Comparators

The following comparators are supported:

Equal (denoted as '==')
NotEqual (denoted as '!=')
GreaterThan (denoted as '>')
GreaterEqual (denoted as '>=')
LessThan (denoted as '<')
LessEqual (denoted as '<=')

Note that integer and fixed-point numbers are represented in a 2-complement method during function evaluation. The binary number is extended in the case of a register size miss-match. For example, the positive signed number \((110)_2=6\) is expressed as \((00110)_2\) when operating with a 5-qubit register. Similarly, the negative signed number \((110)_2=-2\) is expressed as \((11110)_2\).

Examples:

(5 <= 3) = 0

(5 == 5) = 1

(\((011)_2\) == \((11)_2\)) = 1

(signed \((101)_2\) < unsigned \((101)_2\)) = 1

Examples

Example 1: Comparing Two Quantum Variables

This example generates a quantum program that performs 'equal' between two variables. The left arg is a signed variable with 5 qubits and the right arg is an unsigned varialbe with 3 qubits.

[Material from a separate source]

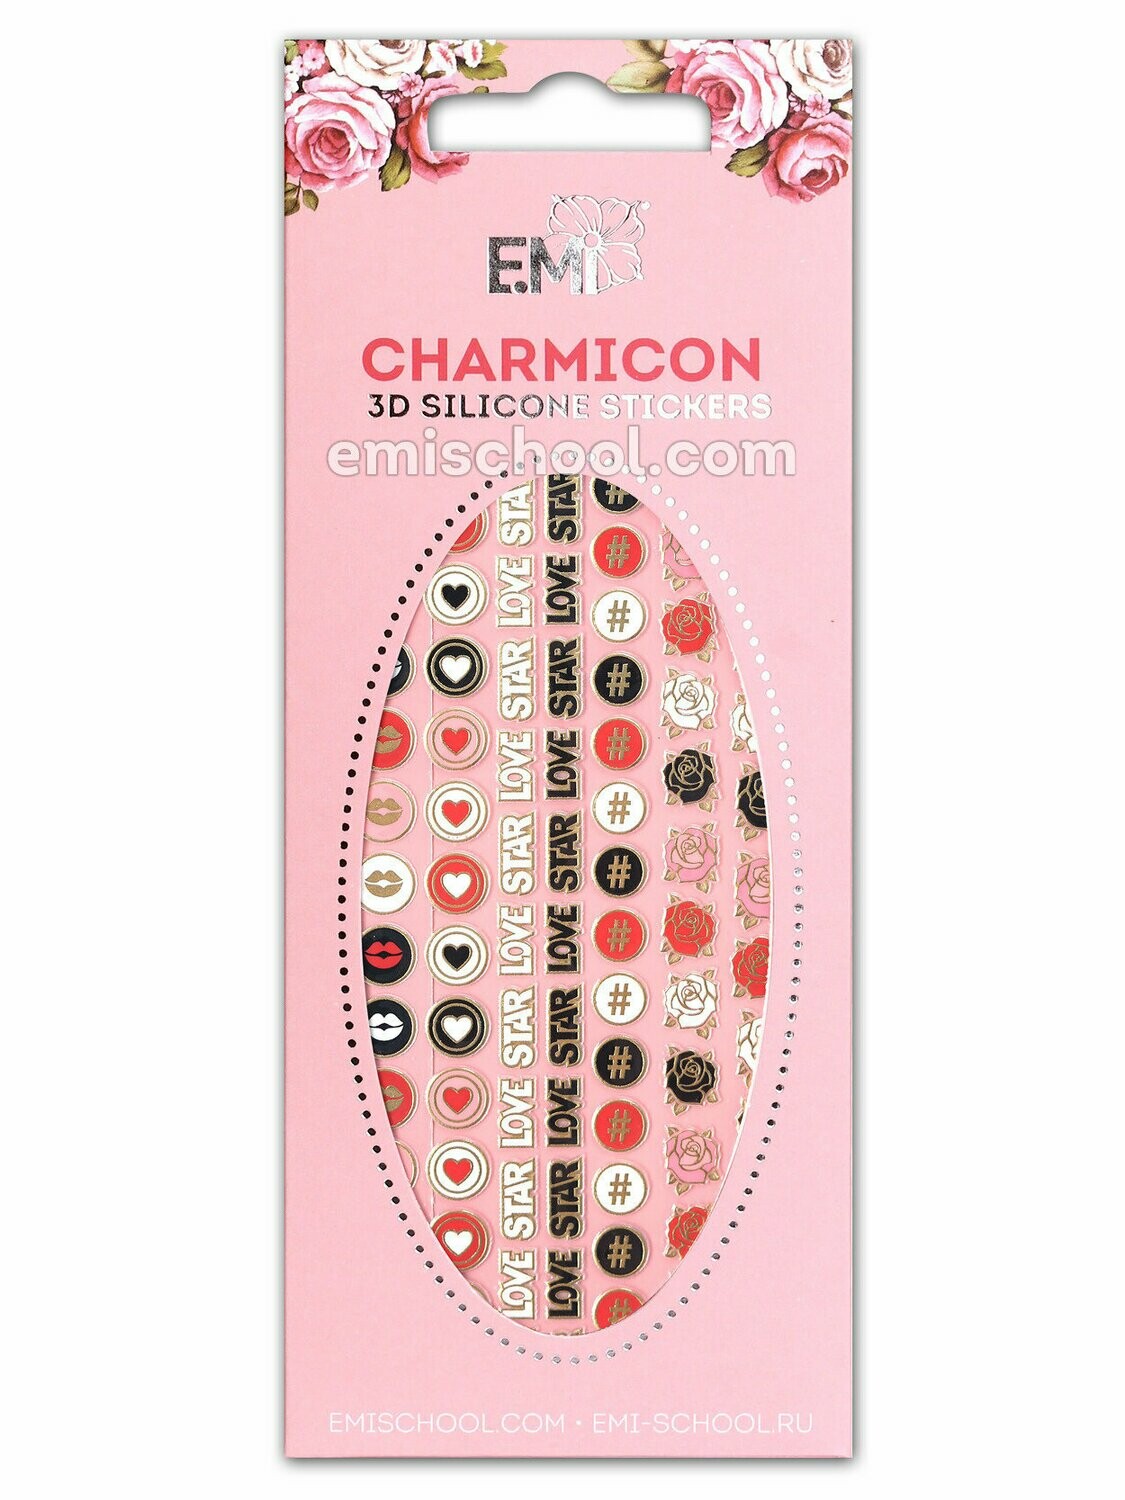 Charmicon 3D Silicone Stickers #58 Icons

from classiq import Output, QArray, QBit, QNum, allocate_num, create_model, qfunc


@qfunc
def main(a: Output[QNum], b: Output[QNum], res: Output[QNum]) -> None:
    allocate_num(5, True, 0, a)
    allocate_num(3, False, 0, b)

    res |= a == b


qmod = create_model(main)

from classiq import execute, synthesize, write_qmod

write_qmod(qmod, "comparator_2vars_example")
qprog = synthesize(qmod)

Example 2: Comparing Integer and Quantum Variable

This example generates a quantum program that performs 'less equal' between a quantum register and an integer. The left arg is an unsigned quantum variable with 3 qubits, and the right arg is an integer equal to 2.

from classiq import (
    Output,
    QArray,
    QBit,
    QNum,
    allocate,
    create_model,
    hadamard_transform,
    qfunc,
)


@qfunc
def main(a: Output[QNum], res: Output[QNum]) -> None:
    allocate(3, a)
    hadamard_transform(a)
    res |= a <= 2


qmod = create_model(main)

from classiq import execute, synthesize, write_qmod

write_qmod(qmod, "comparator_integer_example")
qprog = synthesize(qmod)

result = execute(qprog).result()[0].value
result.parsed_counts

[{'a': 4.0, 'res': 0.0}: 150,
 {'a': 1.0, 'res': 1.0}: 138,
 {'a': 7.0, 'res': 0.0}: 132,
 {'a': 2.0, 'res': 1.0}: 126,
 {'a': 6.0, 'res': 0.0}: 123,
 {'a': 3.0, 'res': 0.0}: 115,
 {'a': 5.0, 'res': 0.0}: 110,
 {'a': 0.0, 'res': 1.0}: 106]